What to work on: The pictures are to be left out when the listing below is reproduced word for word.

Information provided:
.....

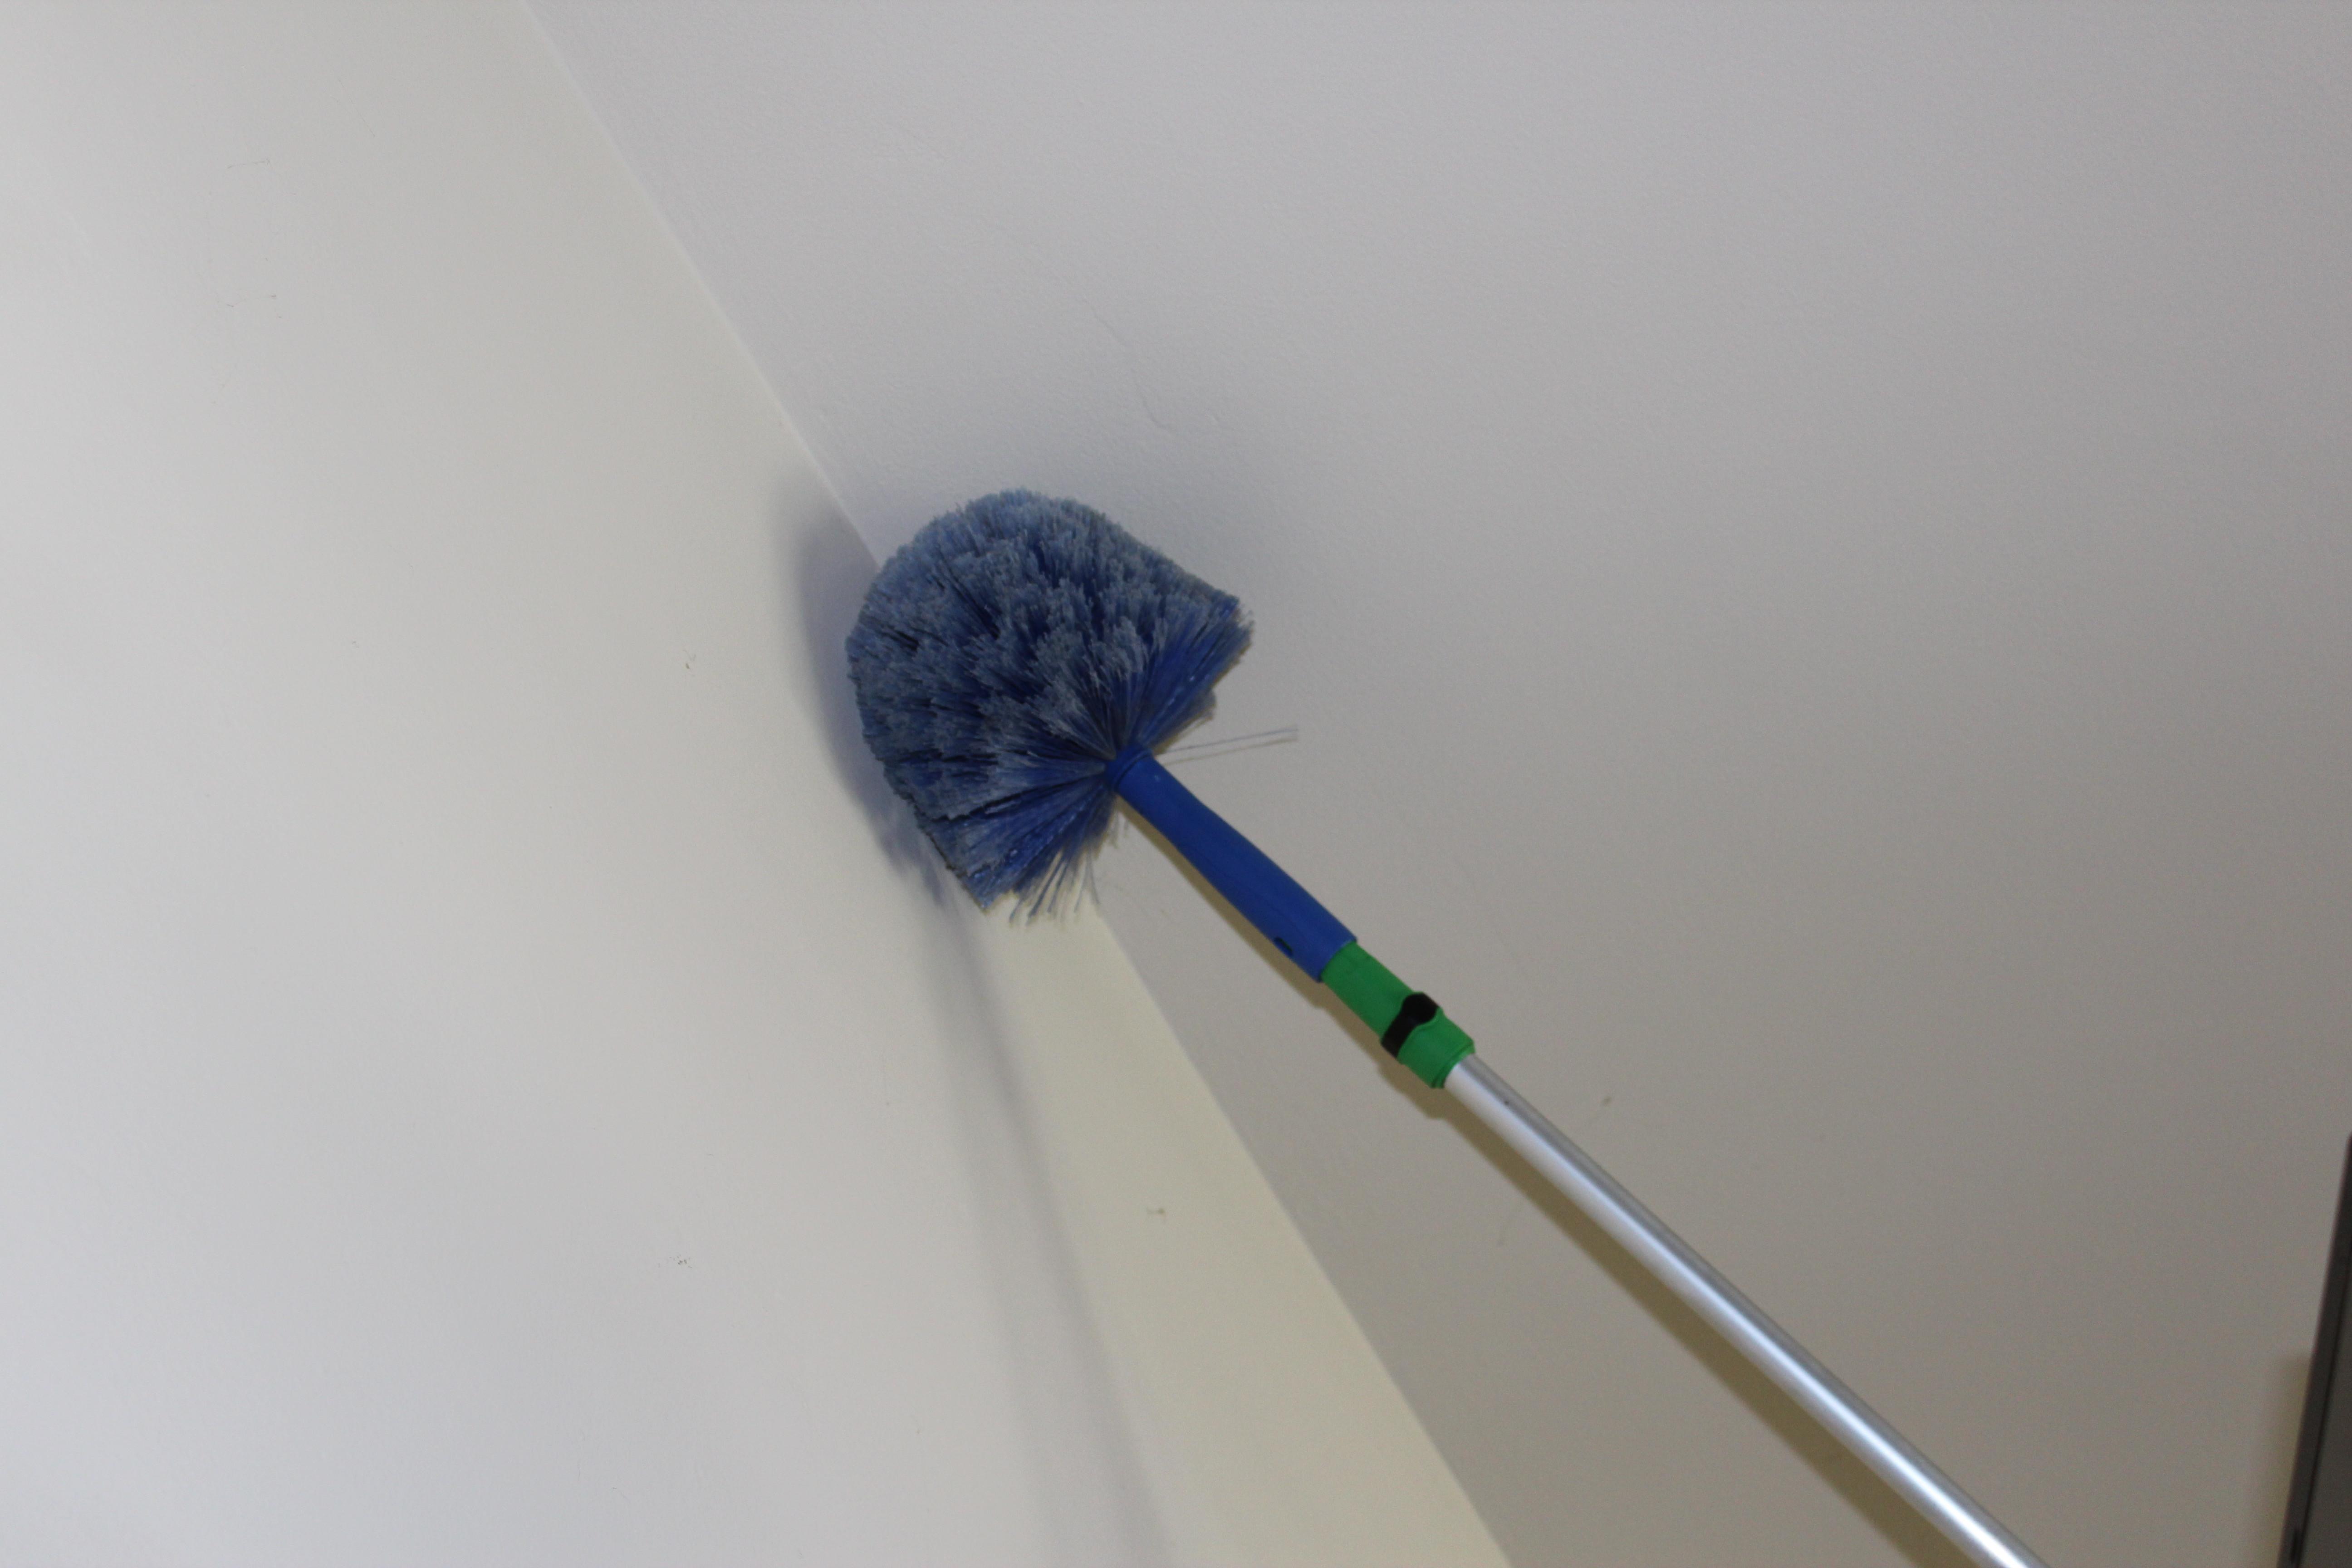 Cobweb Removal
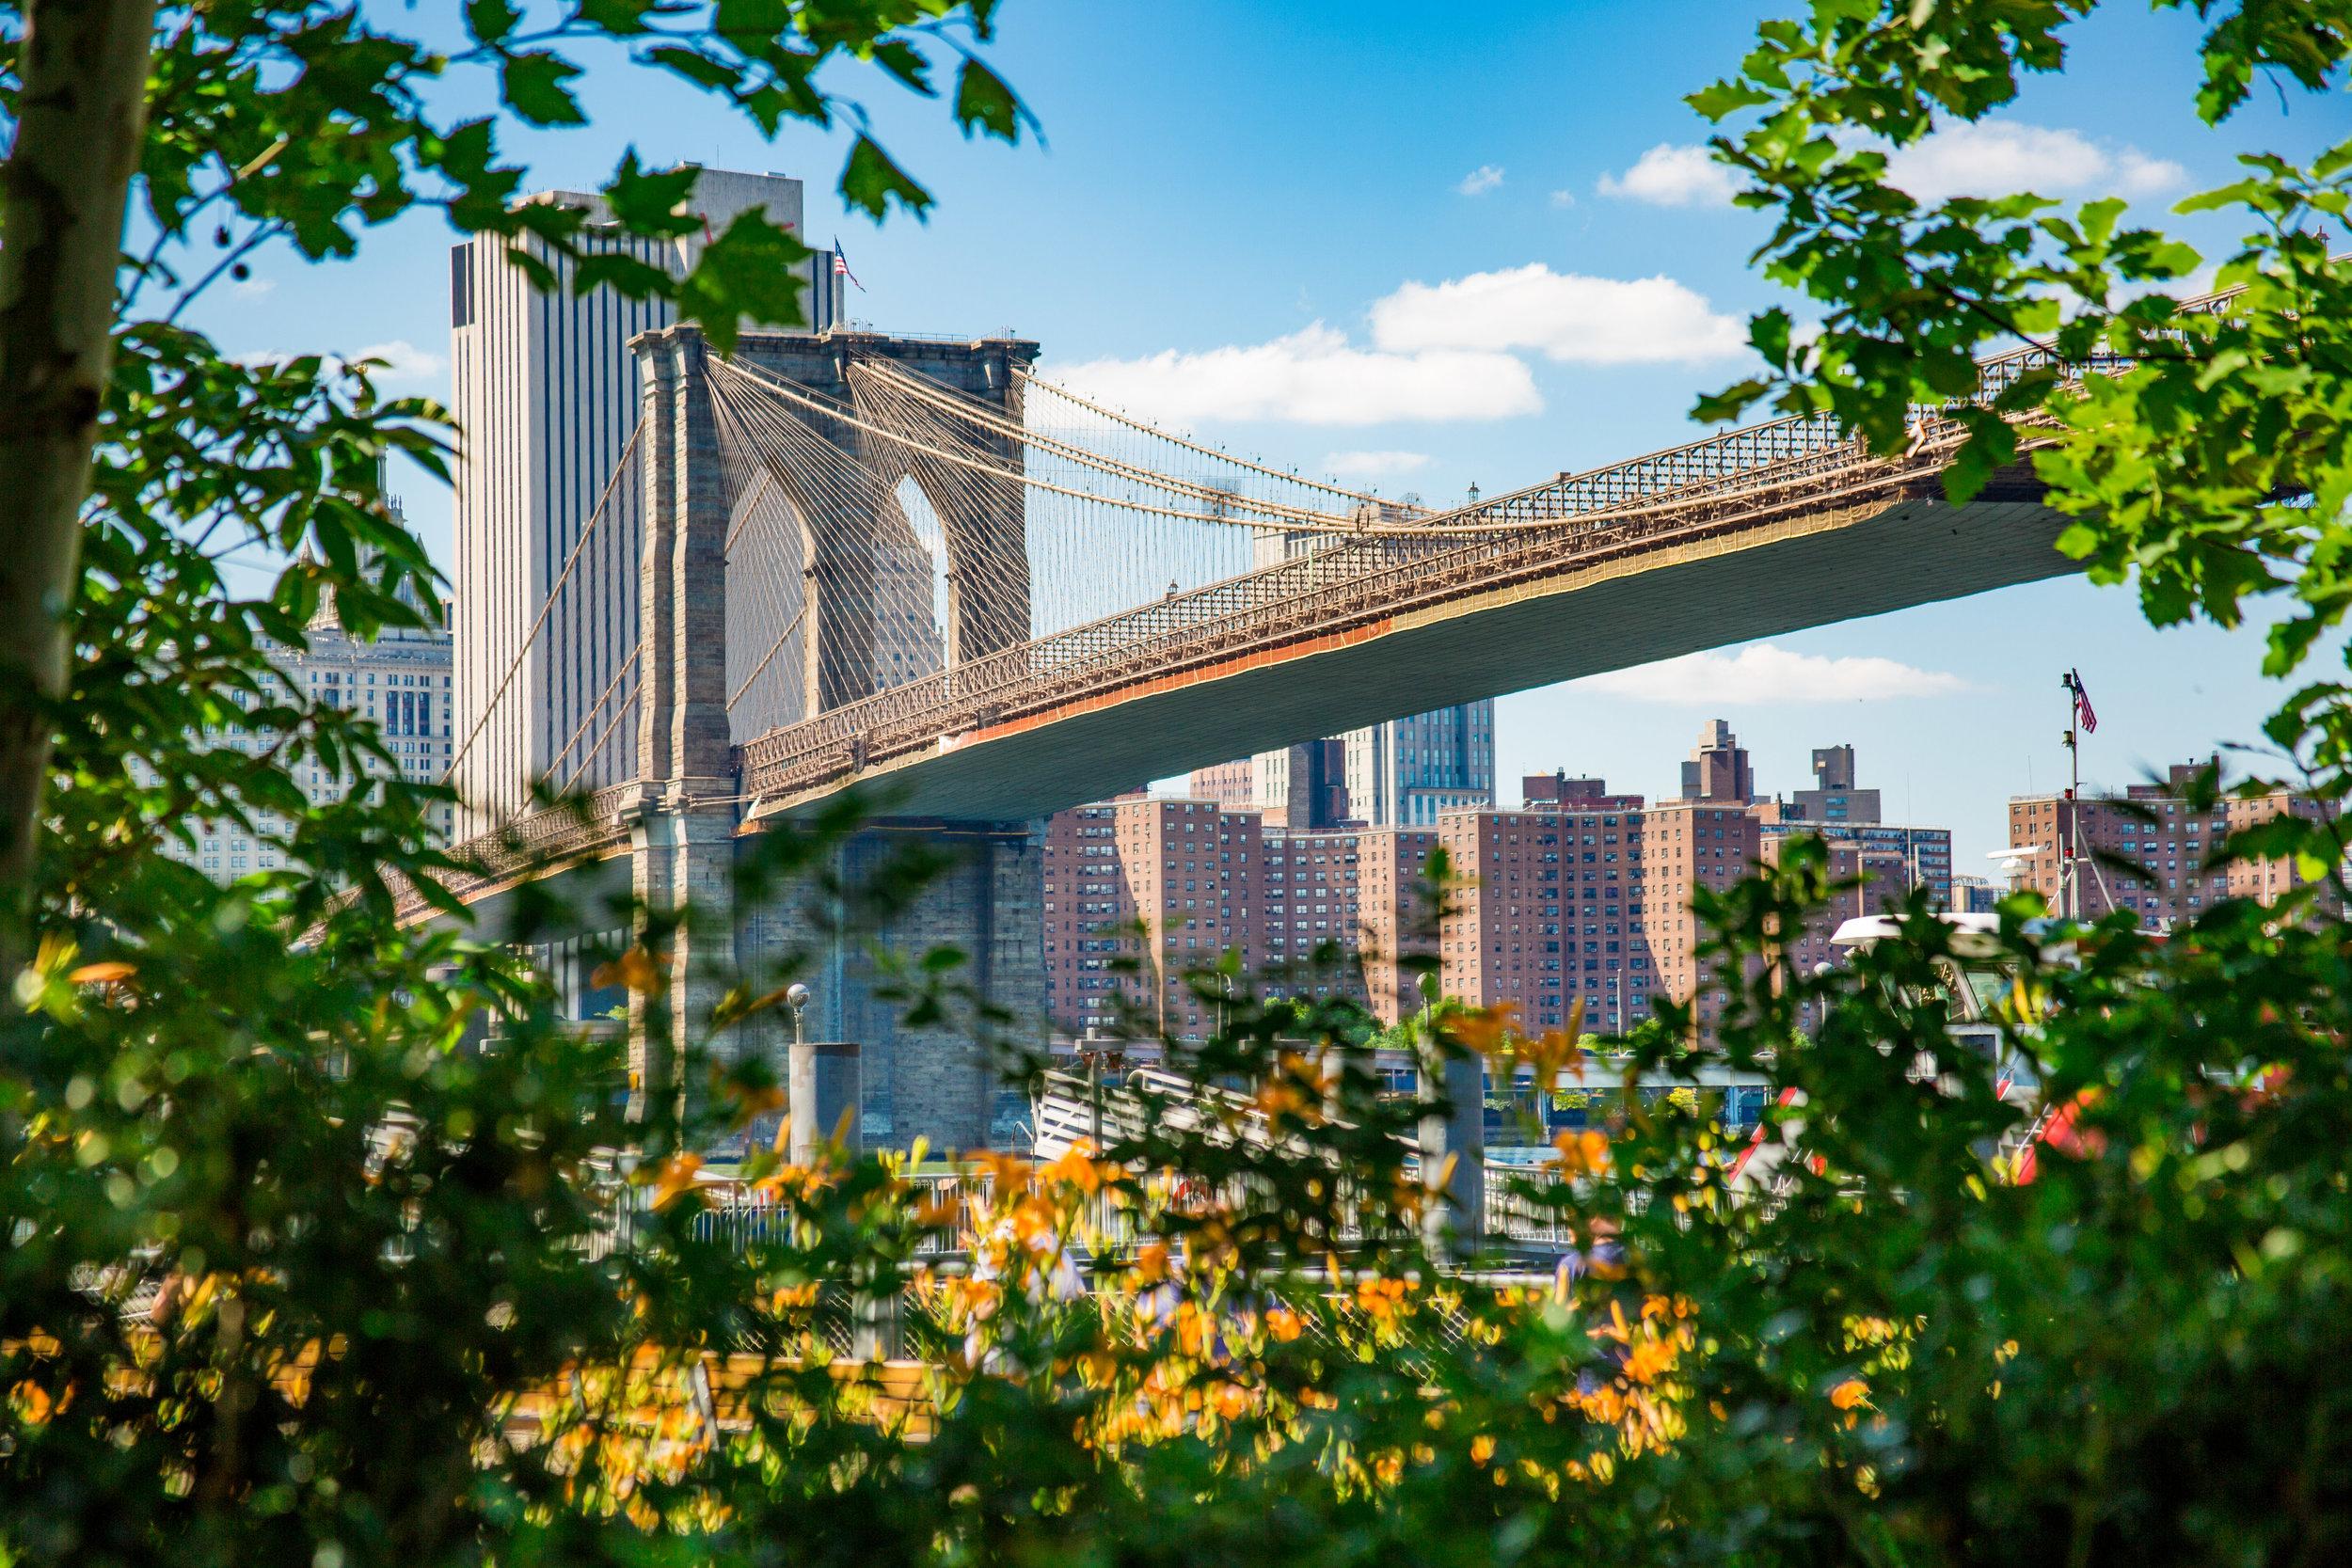 LSNY_Brooklyn_Bridge_Park-62.jpg
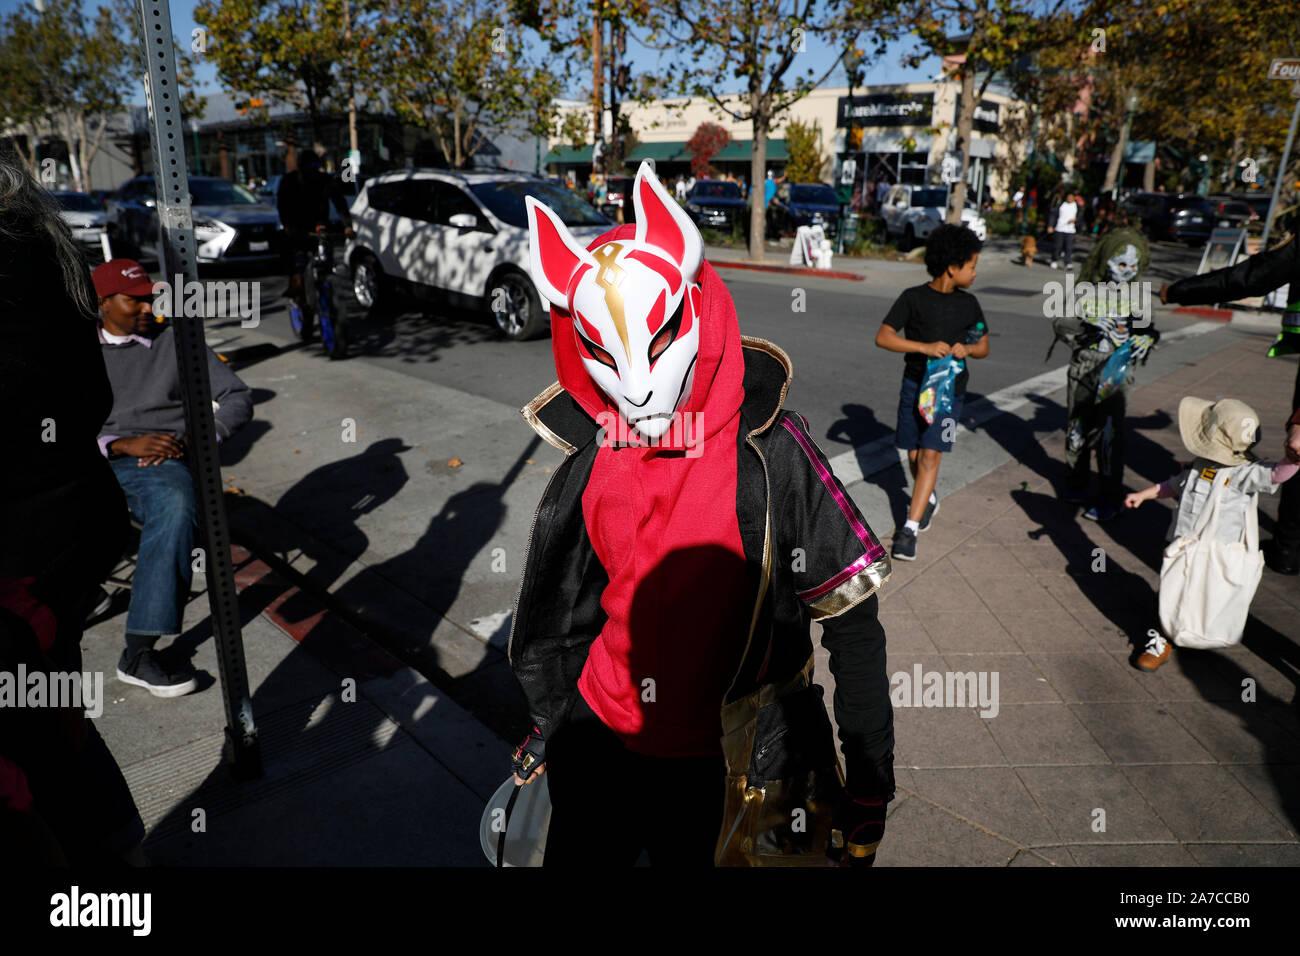 Berkeley California Street High Resolution Stock Photography And

.....

Solution:
 Cobweb Removal
 LSNY_Brooklyn_Bridge_Park-62.jpg
 Berkeley California Street High Resolution Stock Photography And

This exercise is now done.